● **Input material**:
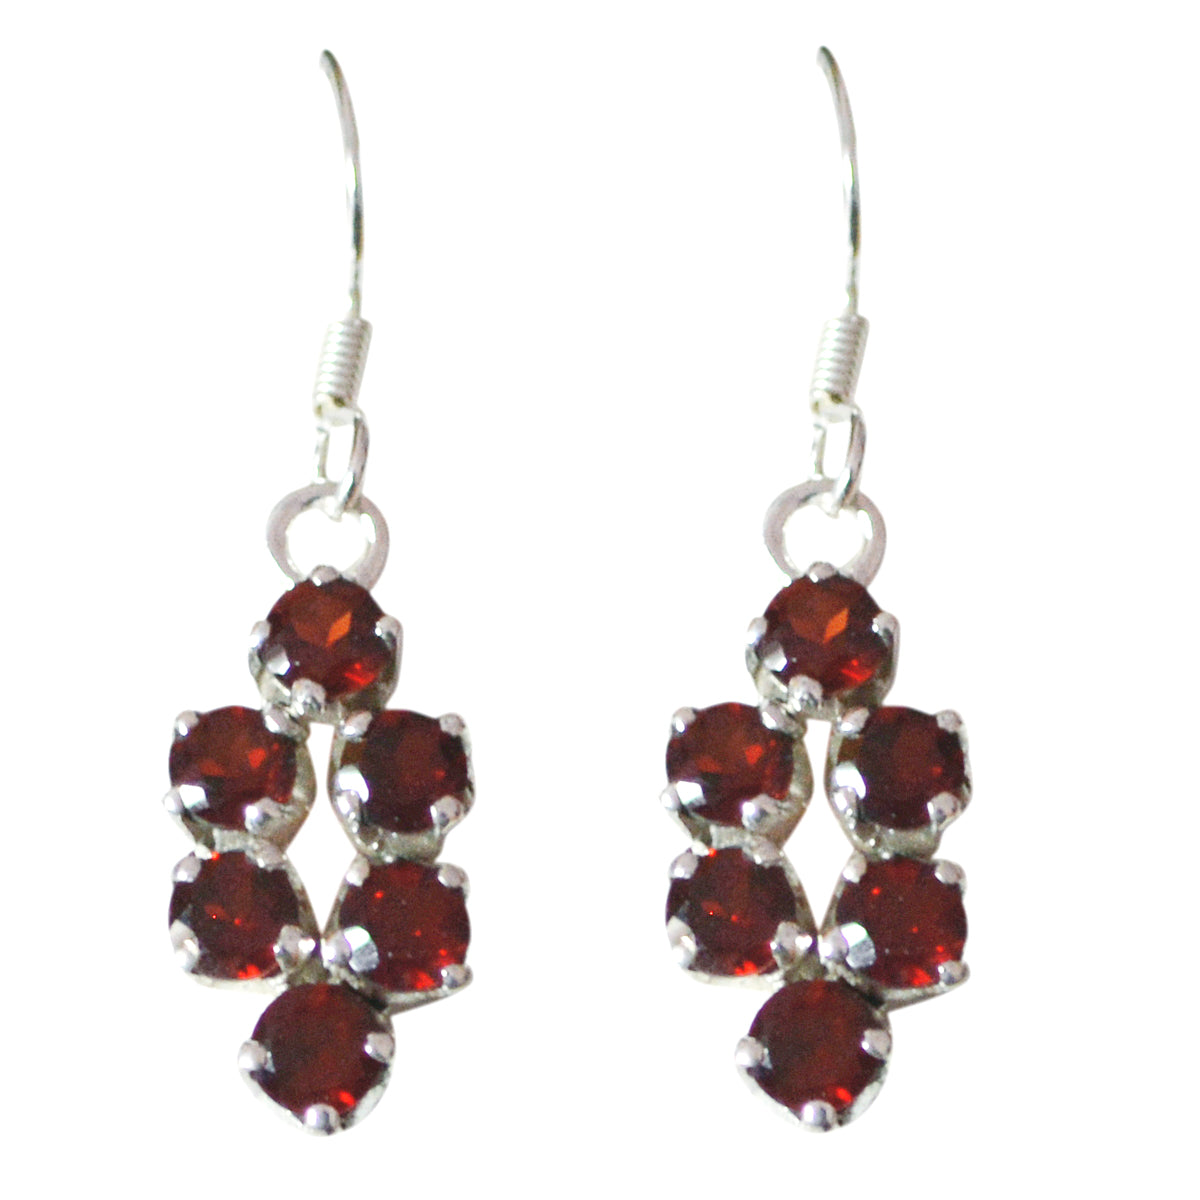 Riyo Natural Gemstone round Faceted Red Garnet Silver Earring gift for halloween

...

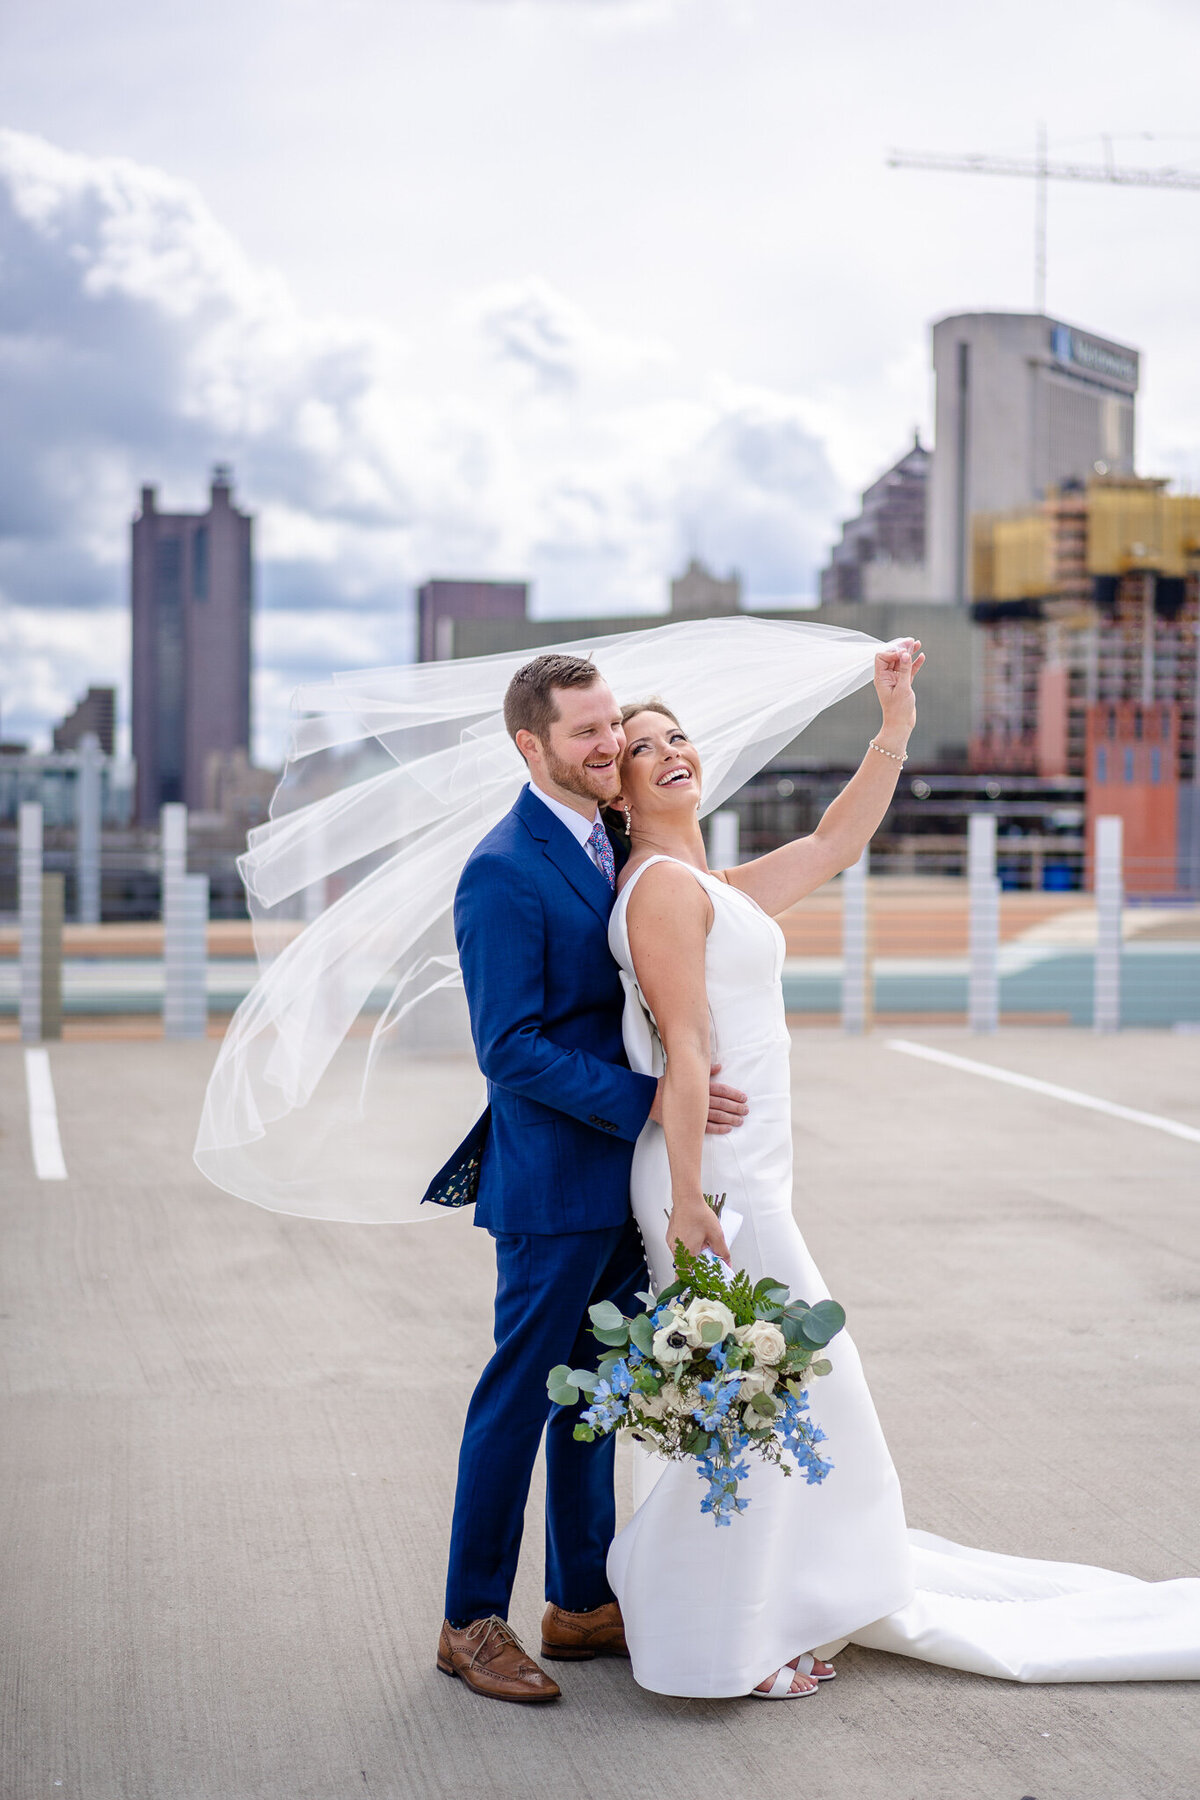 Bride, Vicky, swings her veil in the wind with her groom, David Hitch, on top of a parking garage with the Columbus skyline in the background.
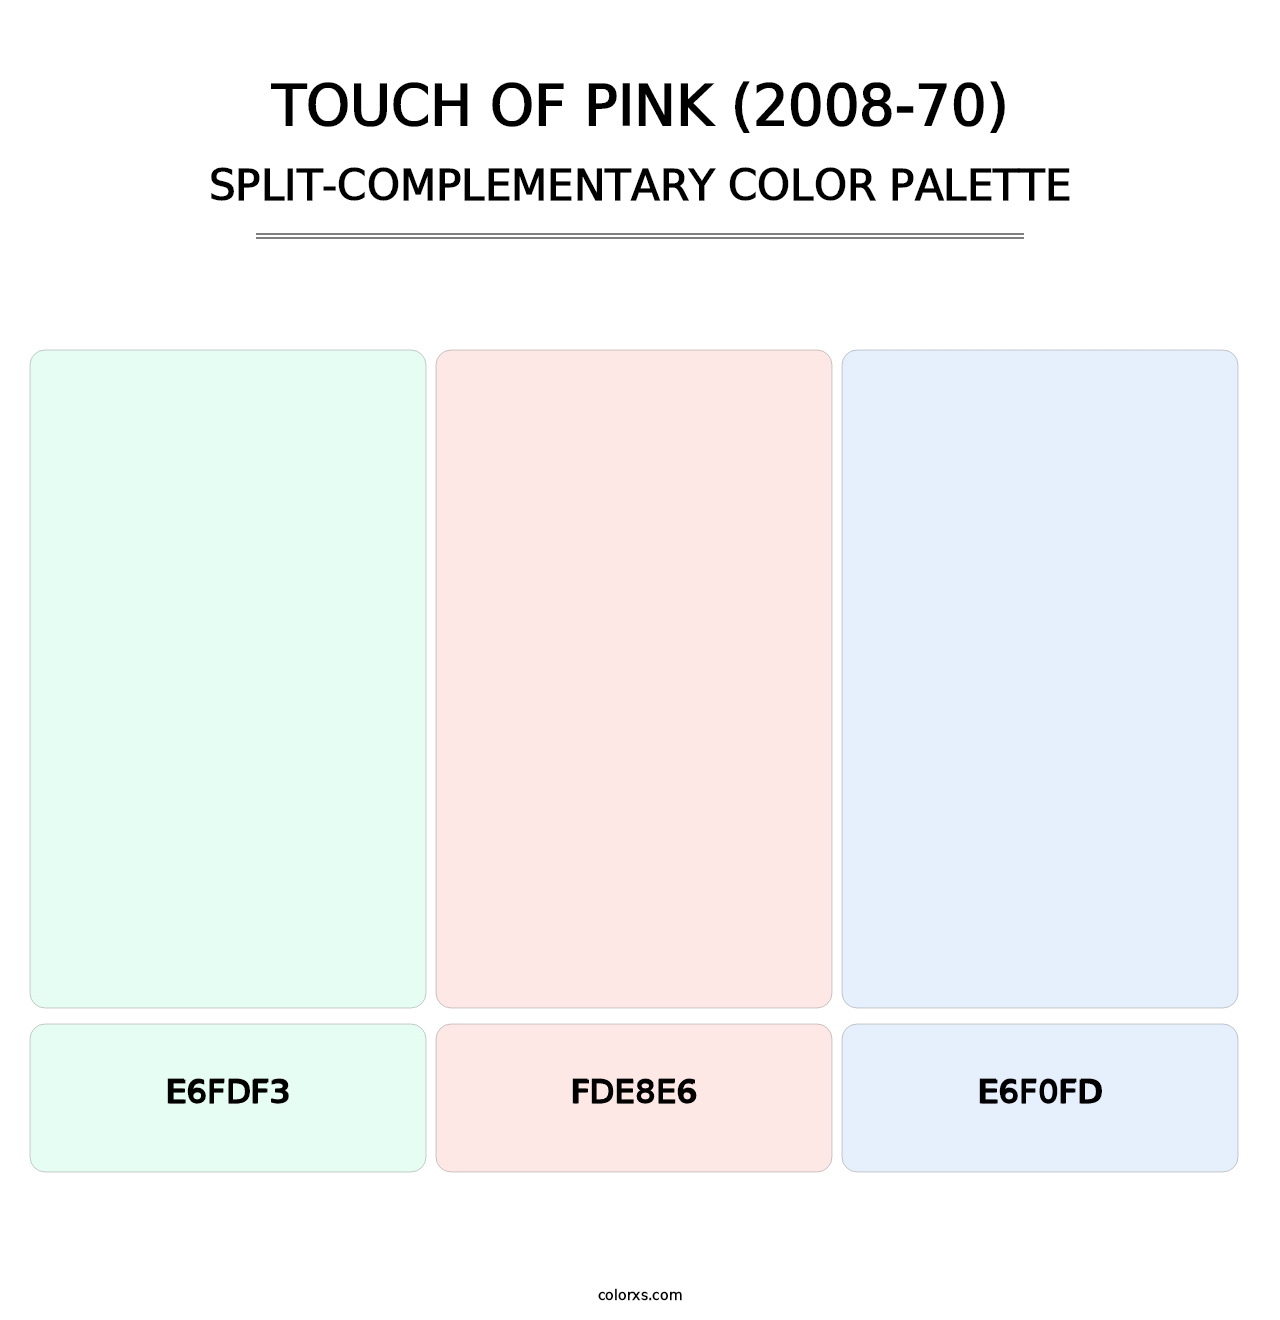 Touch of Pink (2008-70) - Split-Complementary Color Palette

● **What needs to be done**: The answer must be the lines above from the one containing "Bride, Vicky, swings" through the one containing "Touch of Pink", reproduced exactly, with no pictures and nothing else.

● **Solution for this problem**:
 Bride, Vicky, swings her veil in the wind with her groom, David Hitch, on top of a parking garage with the Columbus skyline in the background.
 Touch of Pink (2008-70) - Split-Complementary Color Palette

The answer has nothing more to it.